This is the idea page for Summer of Code 2014 for Git and libgit2.

About applying for SoC with the Git project

It is strongly recommended that students who want to apply to the Git project for the Summer of Code 2014 complete a tiny, code-related “microproject” as part of their application. Please refer to our guidelines and suggestions for microprojects for more information. Completing a microproject is not a strict requirement, but we will definitely give more attention to applicants who do so. Doing a microproject will also help get you started in the Git project and help you judge whether you want to work with us.

Summer of code main project ideas

Students: Please consider these ideas as starting points for generating proposals. We are also more than happy to receive proposals for other ideas related to Git or libgit2.

Pack bitmap support for libgit2

Vicent Martí and Jeff King have open-sourced a patchset that implements JGit’s pack-bitmap optimization on Core Git. Ironically enough, even through Vicent is the maintainer of libgit2, this feature is still not available in the library.

The goal of this SoC project would be to bring the implementation from Core Git back to libgit2 and add new APIs that optimize commonly used operations using bitmaps.

Abstracted reference backends in Git

Removed. Michael Haggerty is already working on this.

Replace object loading/writing layer by libgit2

Git reads objects from storage (loose and packed) through functions in sha1_file.c. Most commands only require very simple, opaque read and write access to the object storage. As a weatherballoon, show that it is feasible to use libgit2 git_odb_* routines for these simple callers.

Aim for passing the git test suite using git_odb_* object storage access, except for tests that verify behavior in the face of storage corruption, replacement objects, alternate storage locations, and similar quirks. Of course it is even better if you pass the test suite without exception.

Invent new conflict style

As an alternative to the diff3 conflict style, invent a conflict style that shows the original unpatched segment along with the raw patch text. The user can then apply the patch by hand.

Improve triangular workflow support

It is common in the git world to have a “triangular” workflow in which commits are fetched from an upstream repository to the local repository, and then pushed up to a personal publishing point. This workflow is missing some convenience features, and there are many possible projects in this area.

For example, @{publish} is a feature like @{upstream}, showing the state of the publish-point in the case of triangular workflows. Implement this while sharing code with git-push, and polish it until the prompt shows publish-state.

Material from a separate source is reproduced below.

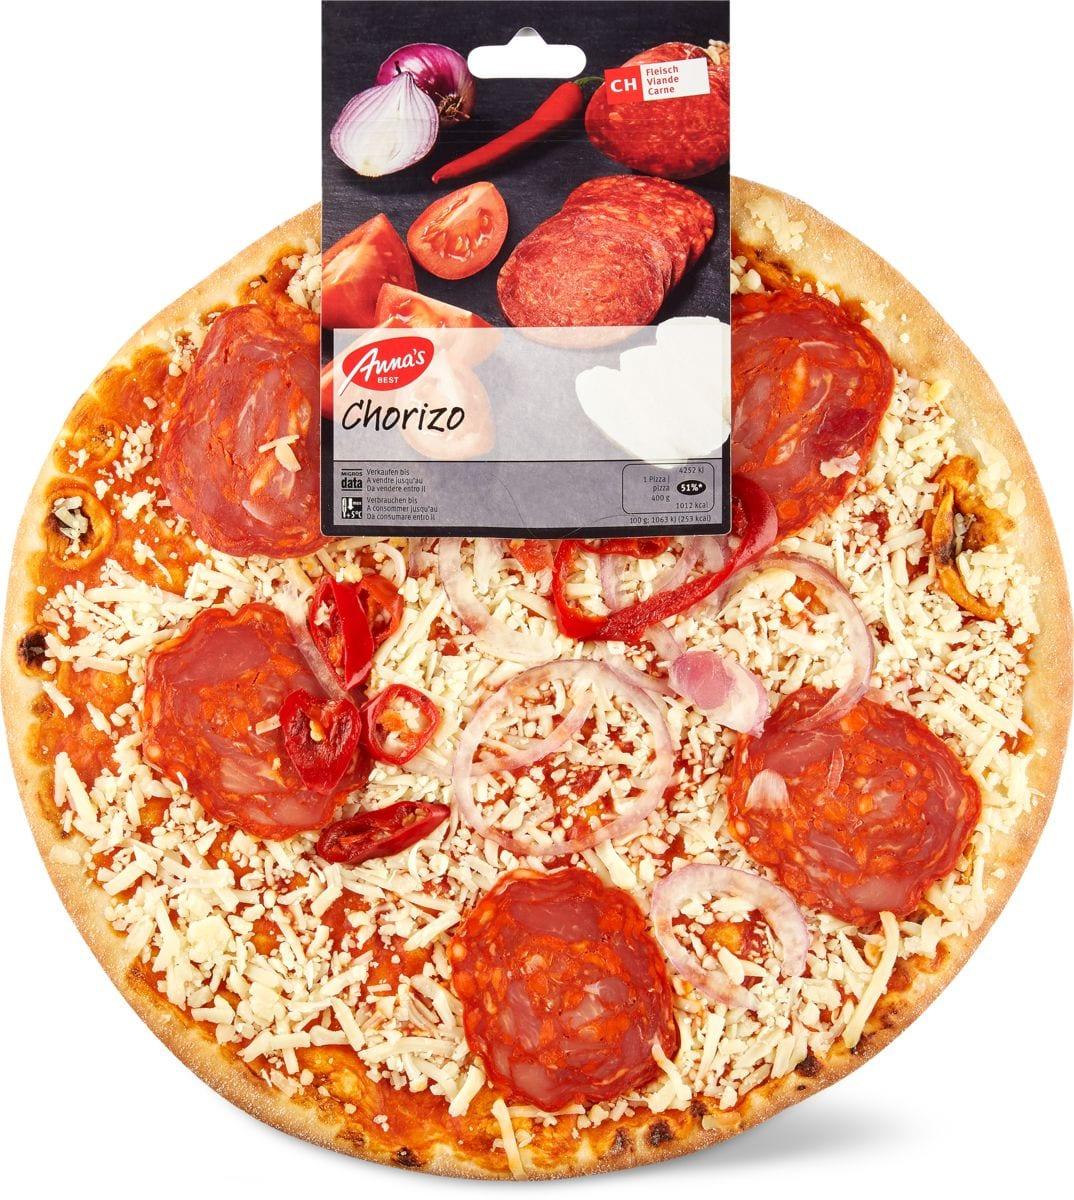 Anna's Best Pizza Chorizo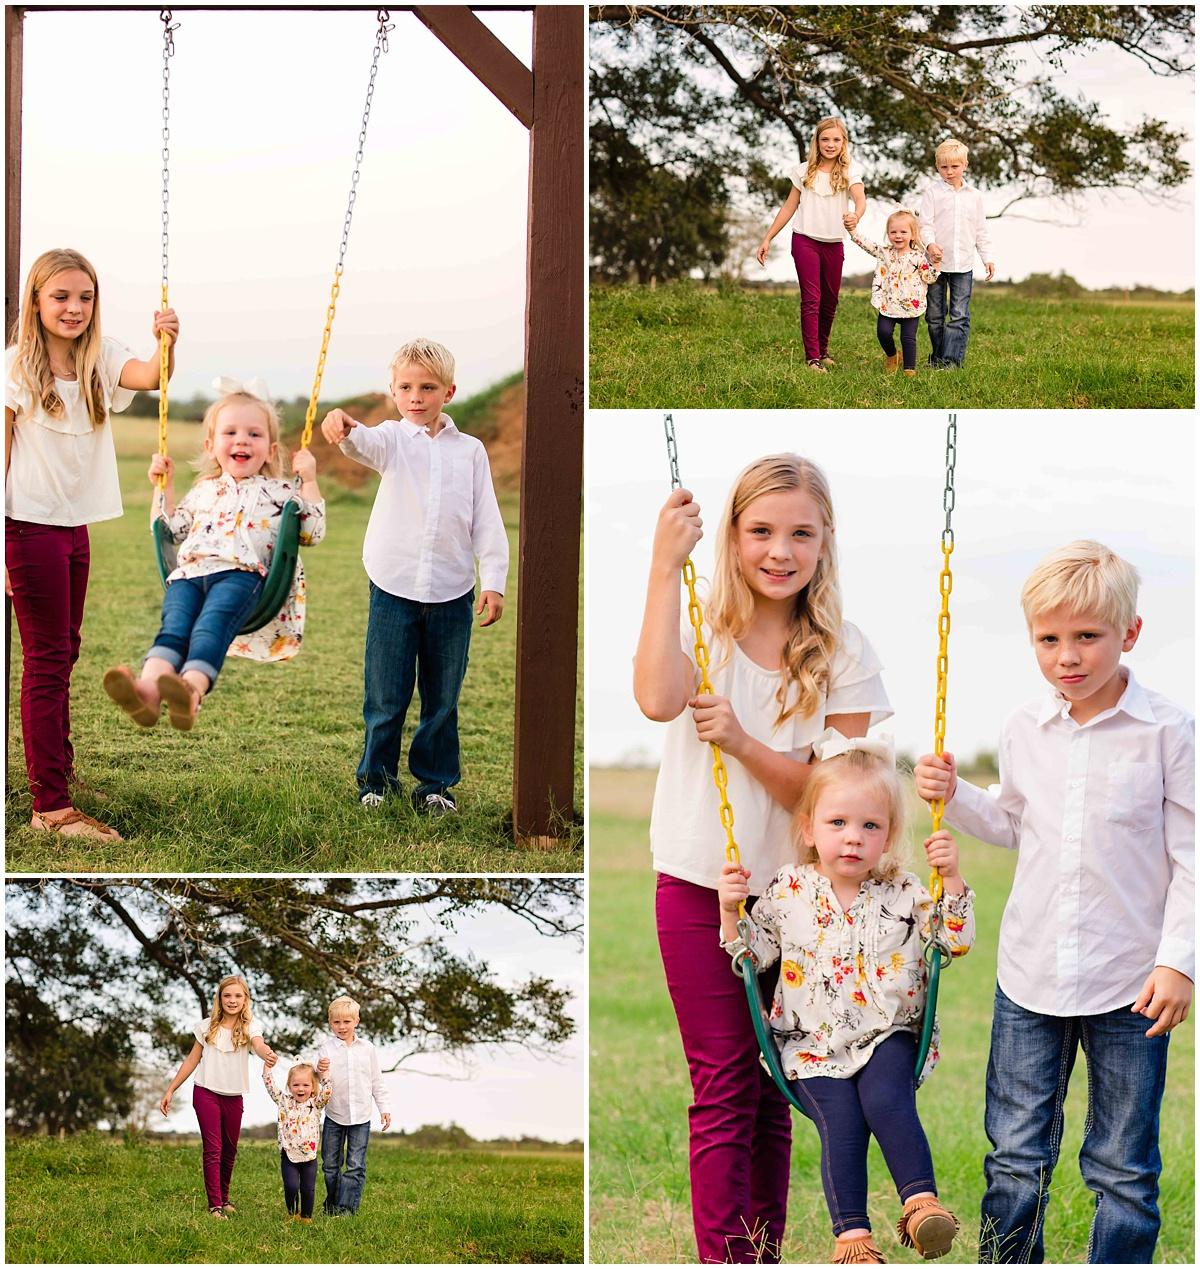 Family-Children-Maternity-Portraits-San-Antonio-Hill-Country-Texas-Carly-Barton-Photography_0029.jpg

Refactor tempfile handling

When performing operations that fail, git typically writes to a temporary file and then atomically moves it into place. During failures, some of these temporary files may be left in place. This is convenient for forensics, but inconvenient when the files are very large (especially if the operation failed due to running out of disk space). Refactor the handling of temporary packs and object files so that they can optionally be cleaned up automatically. The implementation should be shared with other files that are cleaned automatically, like lockfiles.

git-bisect improvements

The student will become familiar with the git-bisect command and implement many small-to-medium fixes. Two examples:

Students proposing projects in this area will be expected to communicate with the Git community and include specific projects in their proposal.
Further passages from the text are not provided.